Фролов задумался, и его полное лицо снова стало похоже на лицо ребенка. Вопрос Скаргина выбил Геннадия Михайловича из ритма, в котором протекала беседа, и это намного уменьшило вероятность, что Фролов, увлеченный разговором, произнесет неосторожное слово, случайно обмолвится, проговорится.
Скаргин не торопил его. Он понимал, что теперь Фролов из бесчисленного множества вариантов ответа выберет самый удобный, нужный, правильный — в его, конечно, понимании.
«Он до последнего может скрывать то, что важно не для него, а для установления истины, — подумал Скаргин. — И скрывать намеренно!» Он отметил, что детская непосредственность в выражении лица Фролова удивительно сочетается с глубоким, умным взглядом зрелого человека, обладающего и выдержкой, и немалым жизненным опытом.
— Странно! — Геннадий Михайлович поиграл пальцами левой руки, как скрипач, готовящийся взяться за смычок. — Странно.

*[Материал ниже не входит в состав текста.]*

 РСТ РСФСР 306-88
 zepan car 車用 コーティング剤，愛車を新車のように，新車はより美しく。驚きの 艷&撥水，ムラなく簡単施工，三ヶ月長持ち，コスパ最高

Мне только что пришло в голову: я знал Евгения Адольфовича, знал очень хорошо, но ведь человек, убивший его, должен был знать его лучше. Еще лучше. Как вы считаете?
Скаргин не ответил. Не потому, что удивился сказанному — примерно такого ответа он и ожидал, — а потому, что не хотел подыгрывать Фролову. В том, что Геннадий Михайлович играл, он почти не сомневался: было бы действительно странно, если бы такая мысль не приходила на ум Фролову раньше. «Вопрос только — какова цель этой игры?» — подумал Скаргин.
Он отодвинулся немного в сторону — туда, где дневной свет, внезапно пробившийся сквозь тяжелые серые тучи, был не так ярок.
— Как часто вы встречались с Евгением Адольфовичем на протяжении двух лет знакомства?
Вопрос прозвучал несколько сухо, чуть более официально, чем хотелось Скаргину, но этого оказалось достаточно, чтобы выражение лица собеседника изменилось: обиженно искривился рот, недобрый огонек появился в глазах.
— Мы встречались нечасто. — С этой минуты он отвечал коротко и внятно, как человек, хорошо ориентирующийся в зале суда, несмотря на то, что попал в него впервые.
— Раз в день? Два раза?
— В среднем один-два раза в неделю.
— О чем говорили?
— Не помню. Обо всем понемногу.
— И все-таки?
— Он приходил ко мне в мастерскую, а здесь, как видите, я работаю. На разговоры времени не хватало.
— Молчали?
— Случалось, и молчали.
— Дома у вас он бывал?
— Нет.
— Ни разу?
— Ни разу.
— Как Прус объяснял свои посещения мастерской?
— Никак. Пользовался моей добротой.
— А все-таки?
— Говорил, что он одинокий, бездомный старик.
— Ну и что?
Фролов вытер лоснящийся лоб и облизнул губы.
— Когда на улице было холодно, он отогревался у меня, слушал, о чем говорят клиенты.
— Значит ли это, что Прус приходил к вам тогда только, когда на улице было холодно?
— Нет, он приходил и летом.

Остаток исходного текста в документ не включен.